South Korea’s producer prices grew at the slowest pace in nine months in September as prices of agricultural products fell, the central bank said Tuesday.
The producer price index, a barometer of future consumer inflation, rose 5.7 percent in September from a year earlier, slowing from a 6.6 percent on-year gain in August, according to the Bank of Korea.
The September reading marked the slowest expansion since a 5.3 percent on-year expansion tallied in December 2010, it added.
Compared with a month earlier, the growth of the producer prices slowed down to 0.1 percent in September, down from 0.3 percent in August as prices of vegetable and fishery products declined.

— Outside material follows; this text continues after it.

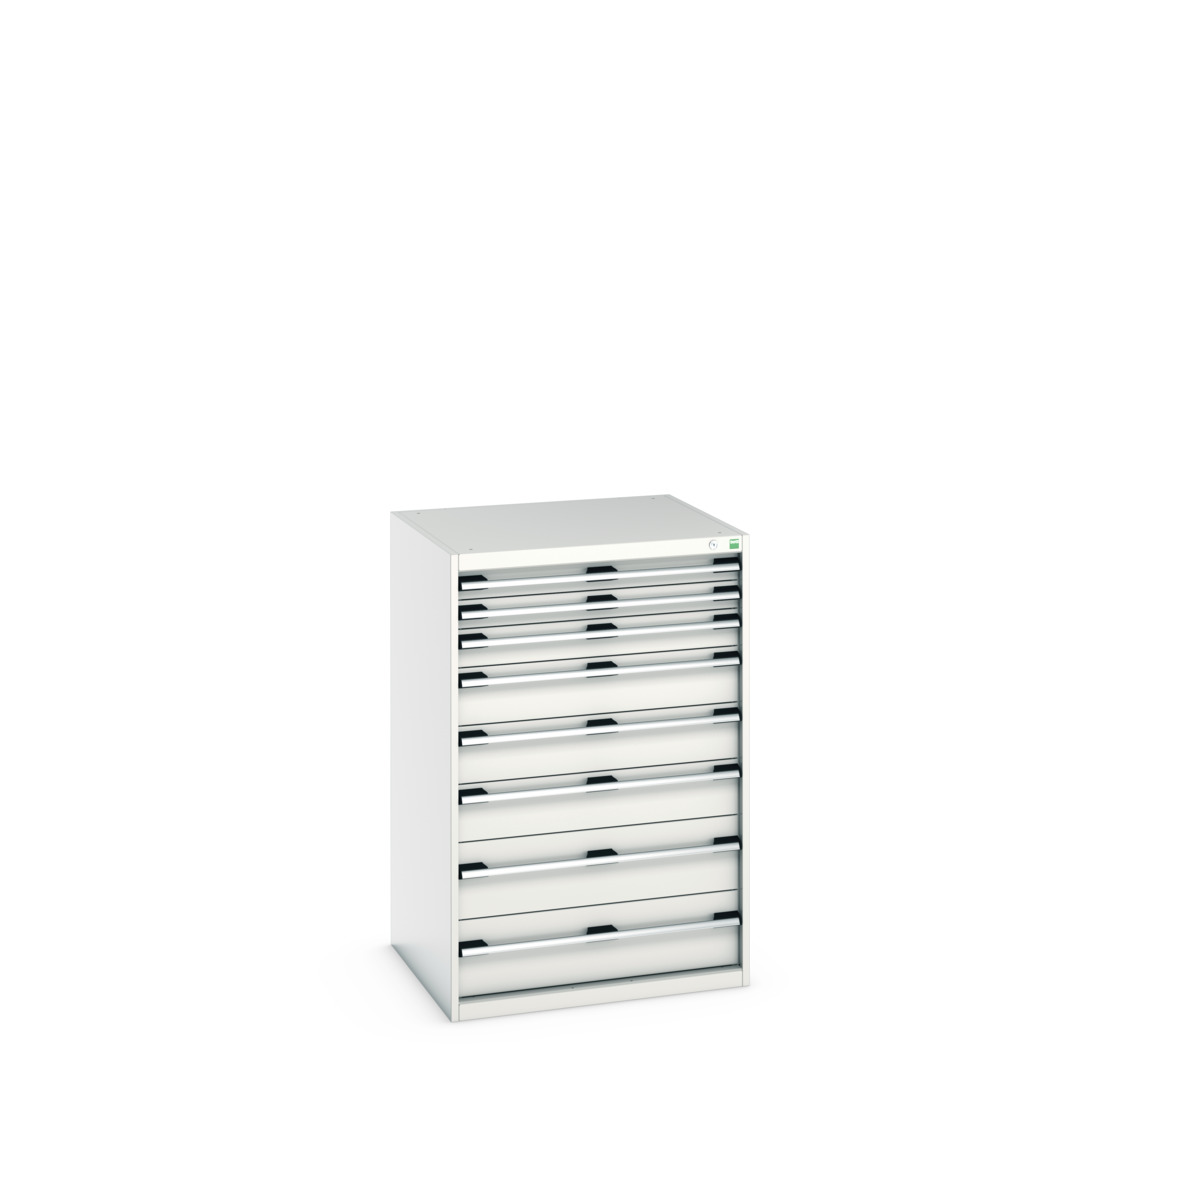 40028034.16V - cubio drawer cabinet

“Whether the producer prices slow down will hinge on the movement of the local currency and oil prices,” said Lee Byung-doo, an official at the BOK.

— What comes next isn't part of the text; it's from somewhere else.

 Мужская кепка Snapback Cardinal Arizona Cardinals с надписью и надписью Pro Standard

The costs of agricultural and fishery goods fell 7.1 percent in September from the previous year, a turnaround from a 12.5 percent expansion tallied in August. The prices of such goods fell 4.2 percent on-month in September.

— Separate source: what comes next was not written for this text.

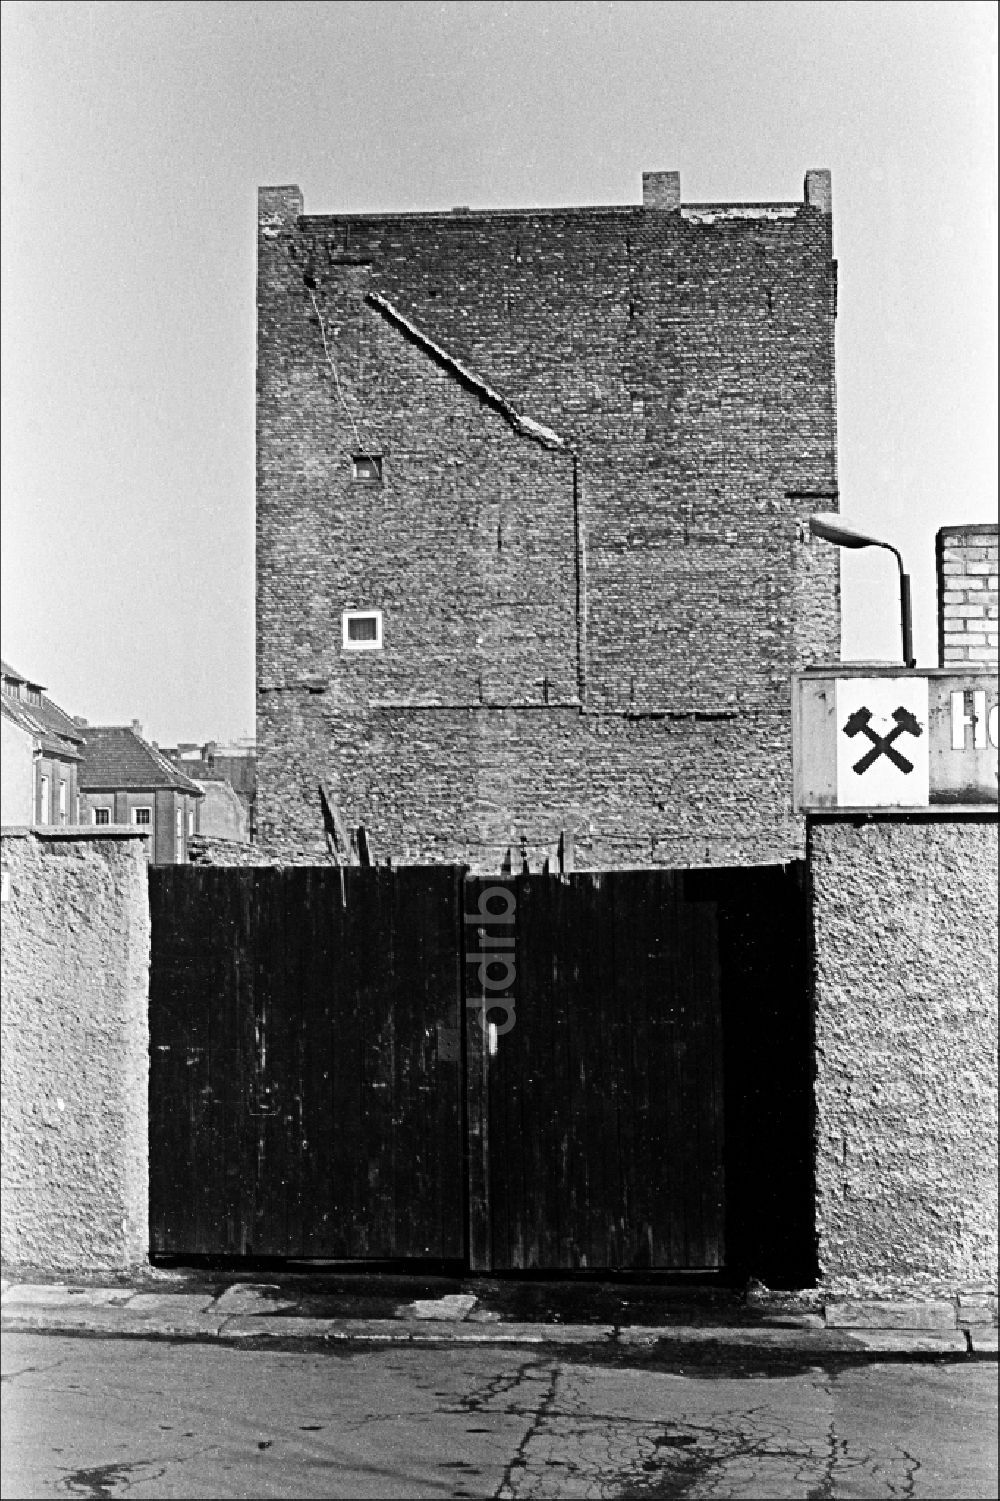 Berlin: Eingangsbereich eines Kohlehandels im Ortsteil Mitte in Berlin in der DDR

In September, the local currency fell 3.2 percent to the dollar compared with a year earlier. The Korean unit slid 9.44 percent to the greenback compared with August.
The data came two days before BOK policymakers are scheduled to hold their monthly rate-setting meeting. The central bank is widely expected to freeze the key interest rate at 3.25 percent for the fourth straight month on dimmer global economic outlooks.
Inflationary pressure slightly eased in September. South Korea’s consumer prices grew 4.3 percent in September from a year earlier, slowing from 5.3 percent in August, but they surpassed the upper limit of the BOK’s 2-4 percent inflation target band for the ninth straight month.